Max Eugen Keller (born March 19, 1947, Aarau) is a Swiss composer, jazz pianist and improvising musician. He was one of the first free-jazz musicians in Switzerland. Since 2007 he is chairman of the Swiss Society for New Music.

Life and work 
Keller studied (fellowship by the Heinrich Strobel Foundation in Freiburg, Germany) musicology, history and composition with Hans Ulrich Lehmann and Helmut Lachenmann at the City of Basel Music Academy and with Nicolaus A. Huber and Thomas Kessler.

In 1966 he began his career as one of the first Swiss artists of free jazz. In 1967, he had a sensational performance at the Zurich Jazz Festival.
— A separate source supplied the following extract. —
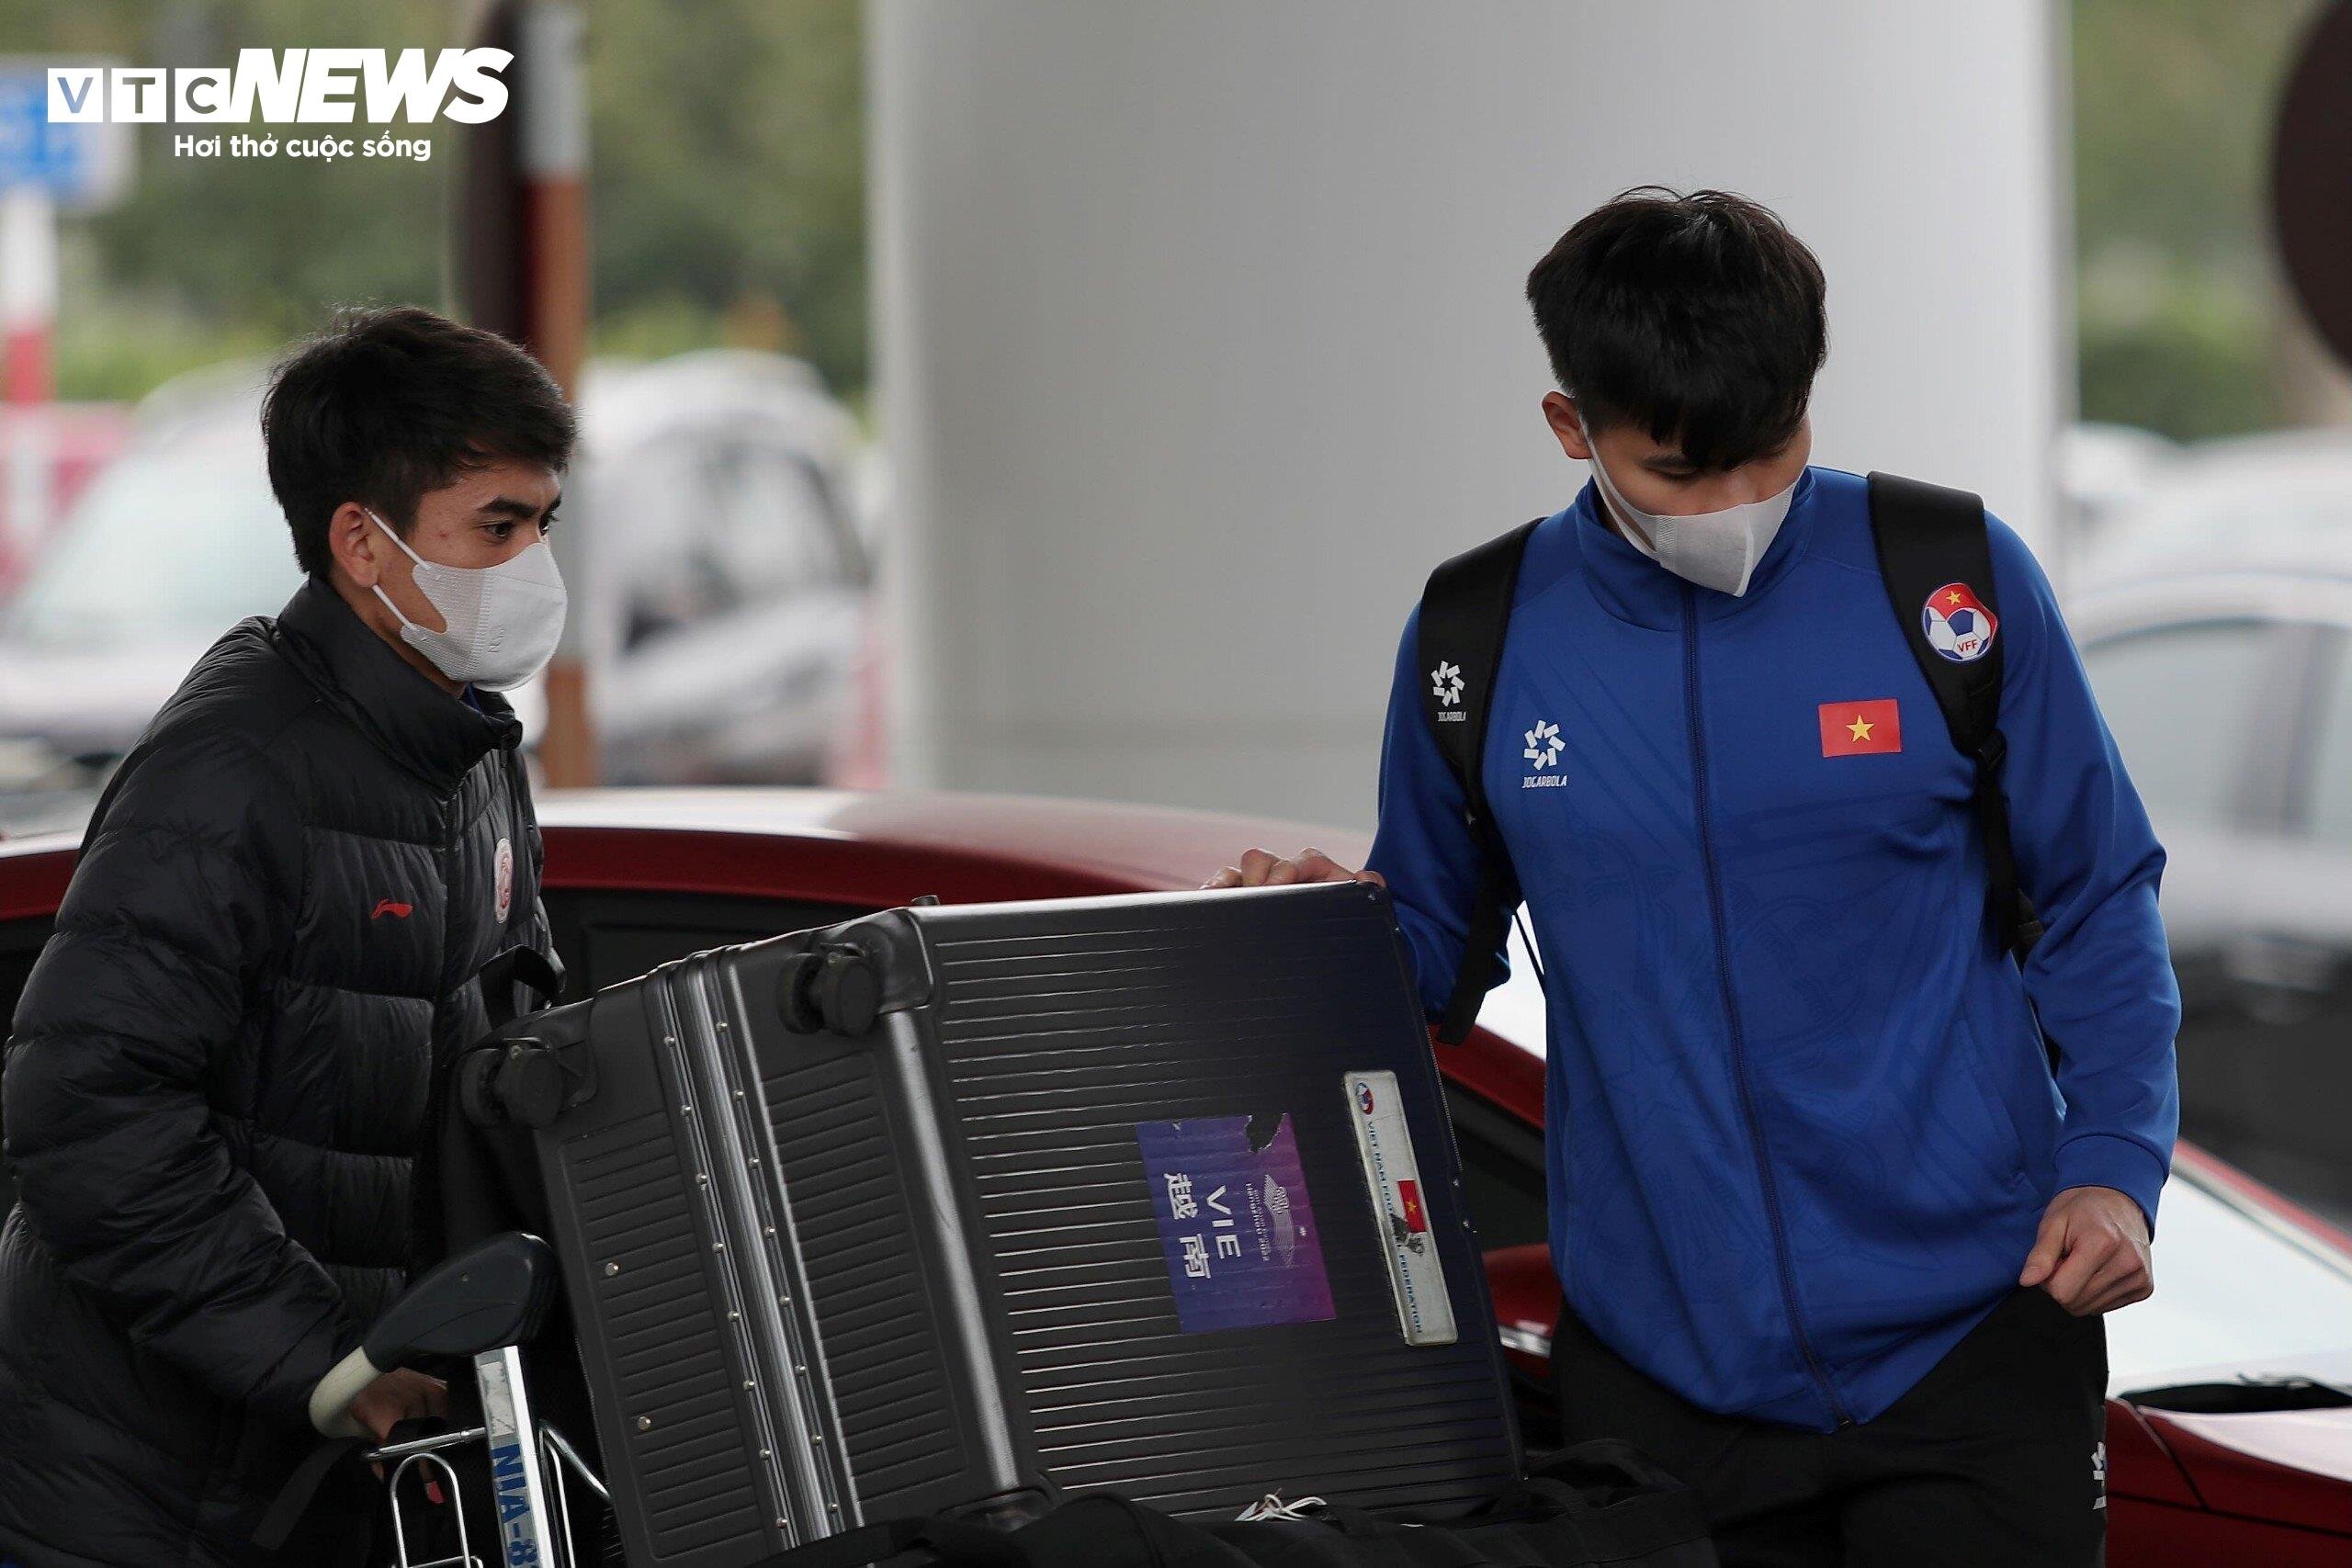 Khuất Văn Khang và Nguyễn Thanh Bình nhanh chóng xếp hành lý lên xe trở về. Hai cầu thủ để lại dấu ấn nhất định, nhưng chắc chắn nhận được bài học để cải thiện hơn trong tương lai.

He played in various bands in concerts and on radio broadcasts in Europe.

Since 1980 he worked as an improvising musician (piano and electronic musical instruments) again. Concerts have taken him to South America, Germany, the Netherlands and Switzerland. He worked together with Dani Schaffner, Christoph Gallio, Peter A. Schmid, , Kurt Grämiger, Daniel Mouthon, Thomas Borgmann, Hans Koch, Urs Leimgruber, Günter Müller, Hans Hassler, Charlotte Hug, Matthias Ziegler, Christian Wolfarth, Günter Heinz and Barry Guy.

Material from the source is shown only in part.